> TASK PROMPT: Go through the listing below and output exactly the line with "Opel ZAFIRA TOURER", the line with "Mouse Gamer Thermaltake", and each line between; omit the rest.

> MATERIALS PROVIDED:
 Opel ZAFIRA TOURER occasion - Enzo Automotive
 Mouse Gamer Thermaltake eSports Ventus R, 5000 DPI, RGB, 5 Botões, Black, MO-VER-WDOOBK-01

==

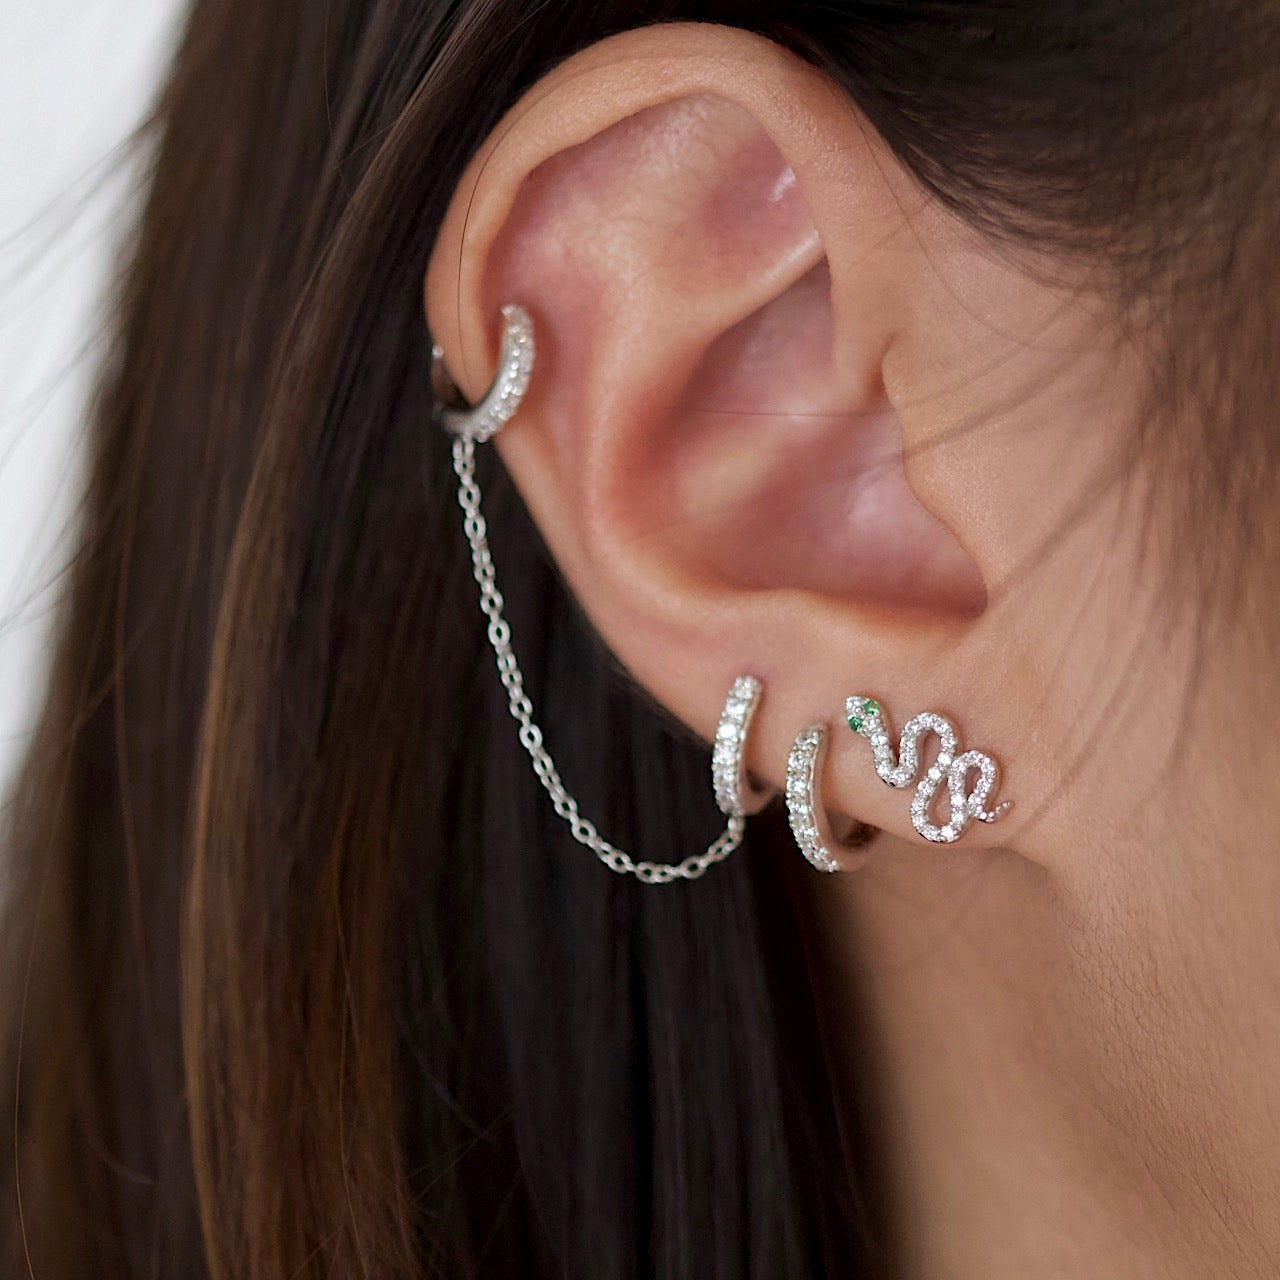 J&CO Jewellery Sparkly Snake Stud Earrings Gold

> EXERCISE OUTPUT:
 Opel ZAFIRA TOURER occasion - Enzo Automotive
 Mouse Gamer Thermaltake eSports Ventus R, 5000 DPI, RGB, 5 Botões, Black, MO-VER-WDOOBK-01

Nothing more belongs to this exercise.